Aquel sábado decidió no salir, aunque había recibido propuestas diversas de amigas que deseaban sacarlo del pozo que le había excavado el divorcio reciente. Se puso a escuchar la 8, un programa donde los conductores discutían acerca de Cole Porter y de Dizzy Gillespie, otro hablaba de Grace Kelly en manos de Hitchcock, otro hacía referencia al art decó en Rosario, y una oyente de allende el Paraná solicitaba la presencia de un ignoto escriba que, parece, viene a leer sus cuentos de tanto en tanto. Andrés se reía mientras entibiaba, para combatir su gastritis, una taza de leche a la que agregaba dos cucharaditas colmadas de cacao. Estaba en eso, disfrutando como nunca de esa música, cuando alguien le golpeó la puerta. Un frío le recorrió la espalda, aunque de inmediato, se entusiasmó pensando que podía ser Peny, la artesana que conoció en la peatonal Córdoba una mañana de huelga de inspectores municipales, y que, de vez en cuando venía a dormir con él porque no soportaba los ronquidos de su padre, un jubilado tabacalero que tenía los pulmones destrozados. Apagó la cocina y caminó hacia la puerta. Abrió el postigo y se encontró con el rostro amigable de un hombre que se quitó el harapiento sombrero que llevaba, para saludarlo. Hola, amigo, le dijo, no es mi intención molestarlo a estas horas, pero escuché su radio, justo cuando me disponía a recostarme junto a su ventana. Ajá, dijo Andrés, que no tenía palabras para ese momento. Reconocí algo de Porter, y ¿podría pasar a escuchar? En realidad, yo escucho siempre el programa pero hace unos días un tipo que doblaba con su coche por Avellaneda, lo hizo tan cerrado y distraído, hablando por su celular, que me asustó, se me cayó la radio y le pasó por encima. Desde ese momento, vivo sin información, sin música, ni nada, y créame que es peor que no comer varios días. Andrés miró hacia el cielo, le pareció que estaba plomizo, midió que después de su divorcio en que ella le llevó todo menos la radio, qué podía llevarle el tipo éste, y lo invitó a pasar.

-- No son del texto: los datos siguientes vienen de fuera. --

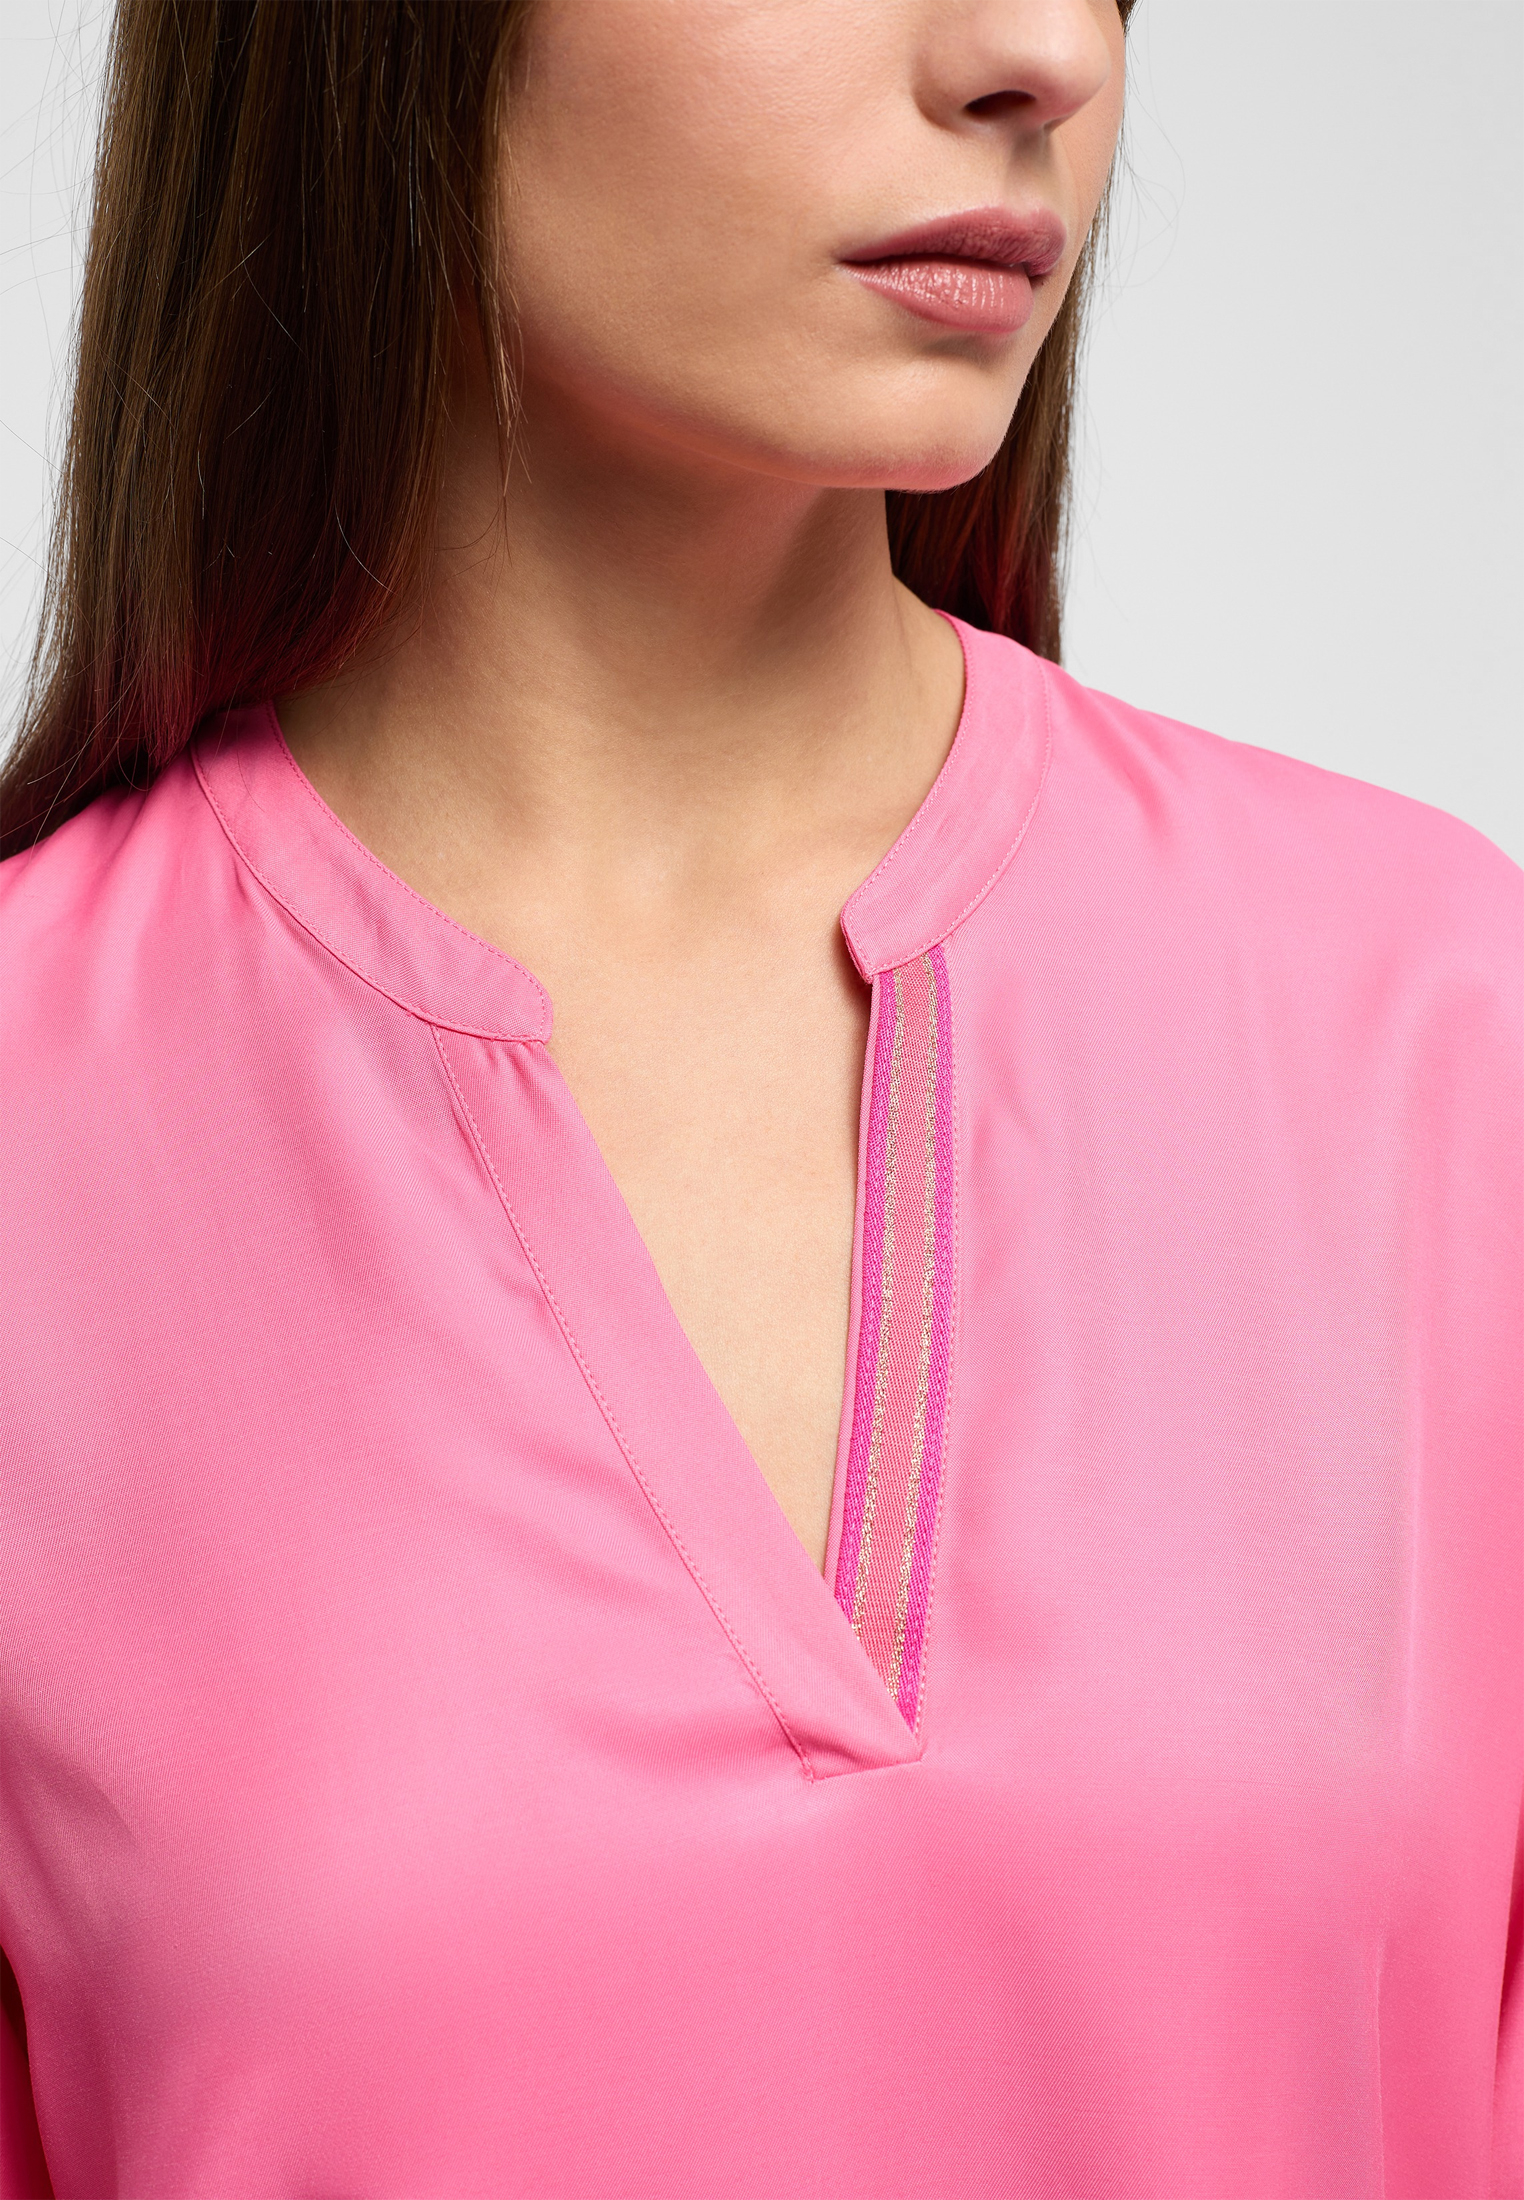 Viscose Shirt Bluse in pink unifarben | pink | 42 | Langarm |  2BL04272-15-21-42-1/1
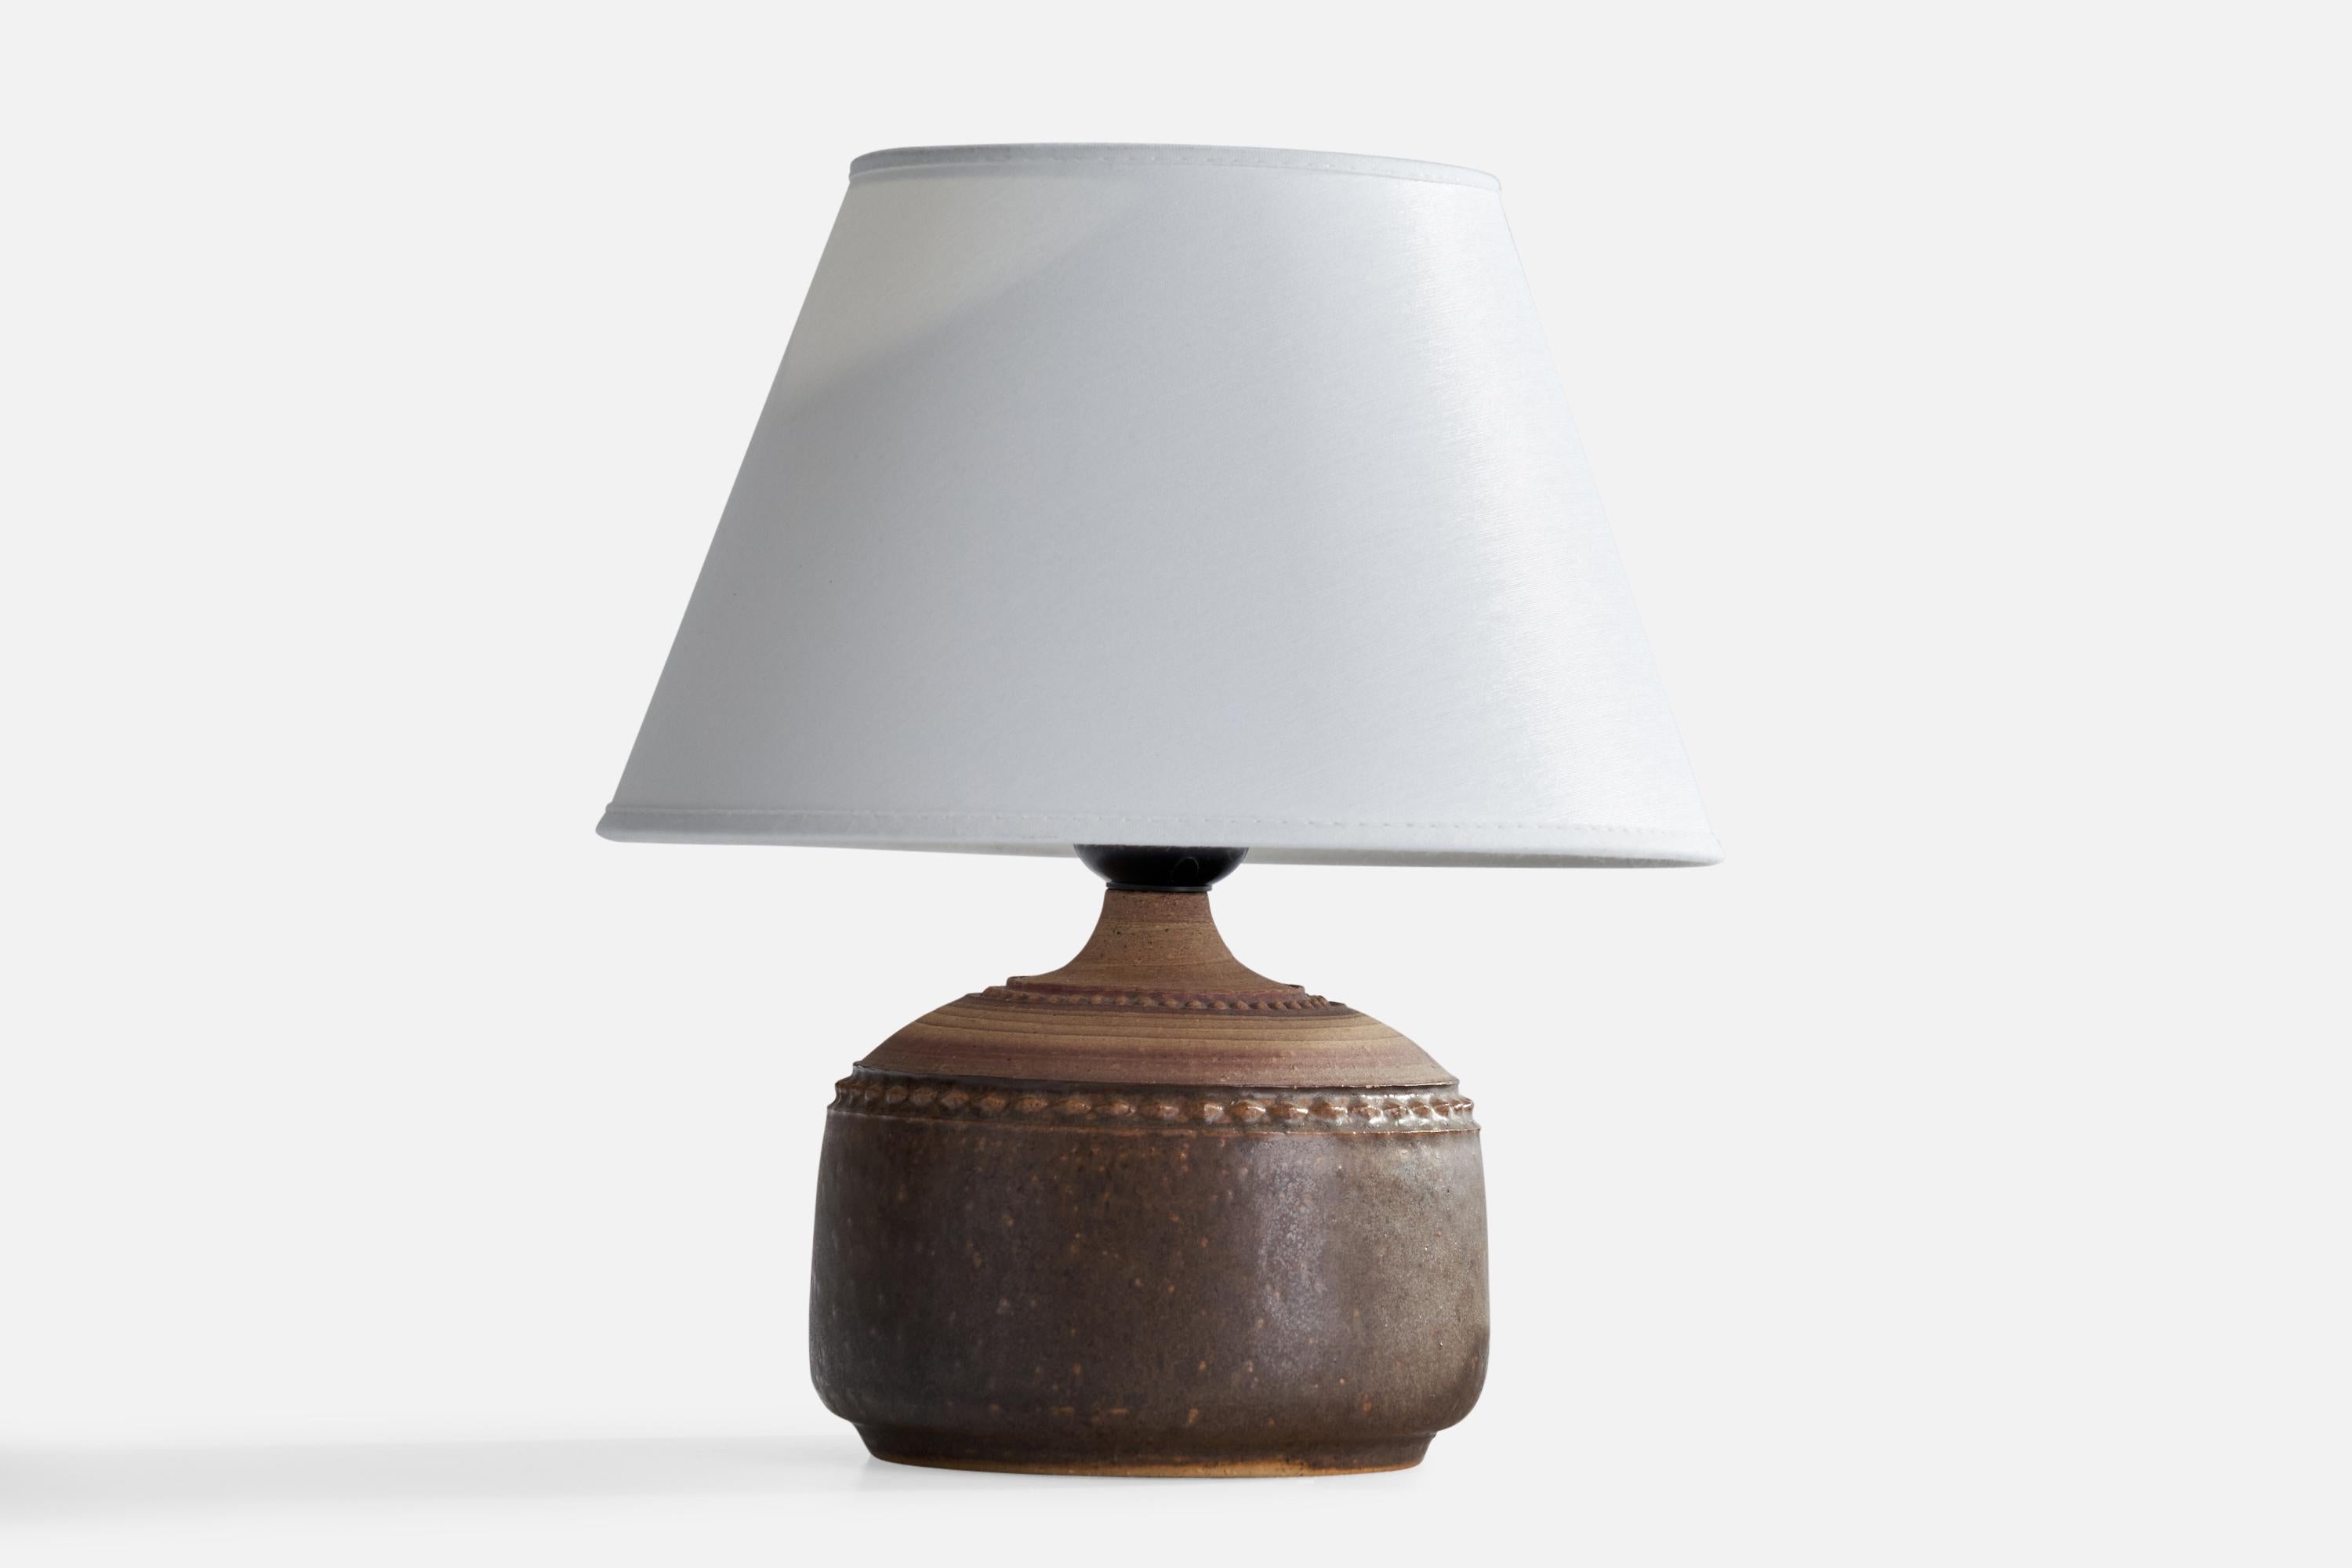 Tischlampe aus braun glasiertem Steingut, entworfen und hergestellt in Schweden, 1960er Jahre.

Abmessungen der Lampe (Zoll): 6,5

El extraño hombre que se presentó como Horacio comenzó a hablar acerca de su vida: estuve en Perú, en México, en Finlandia y en Nueva York, canté boleros y toqué el saxo hasta que una mujer me quitó todo y desde entonces ando en la calle durmiendo en cualquier parte y despierto soñando con la negra Bozán. Una vez que aparece en mi sueño la negra Bozán, puede pasar de todo hasta que me despierto y camino, porque mi vida se divide en caminar y dormir, y escuchar este programa en la madrugada del domingo. Usted me salvó la noche, si me deja escuchar el programa, le canto “La distancia”. Andrés lo miró y le preguntó qué quería tomar, mientras bajaba una taza blanca de la alacena. Algún mate cocido, dijo Horacio. Andrés puso la pava con agua, escogió un saquito de una lata herrumbrosa que había en un rincón de la alacena. Esperó el primer hervor, muy atentamente porque la pava no poseía silbador. Cuando estaban sentados, esperando, escuchando jazz, como dos personajes de una rayuela del nuevo siglo, se miraron a los ojos. Usted tiene una mirada triste, dijo el recién llegado. Andrés suspiró hondamente y dijo que, tal vez, la causa era la situación de su equipo de fútbol en la tabla de posiciones. No hubo más preguntas, sólo un instante de silencio que fue roto por Horacio cuando dijo: ¿si llamamos para ver si podemos ganar el libro? Tengo el teléfono inhibido. Me pueden llamar, pero yo no. Una pena, hace rato que quiero leer ese libro. Probaron sendos sorbos de sus tazas, mientras el conductor le preguntaba al operador si había mensajes grabados.  Sí, los había: …Andrés, si estás escuchando, soy Peny, necesito verte, mañana voy para tu casa, muy bueno el programa, anótenme para el libro, por favor. Andrés sonrió y se dijo por lo bajo: ay, Peny, siempre me llamás de madrugada, la madrugada es tu costumbre.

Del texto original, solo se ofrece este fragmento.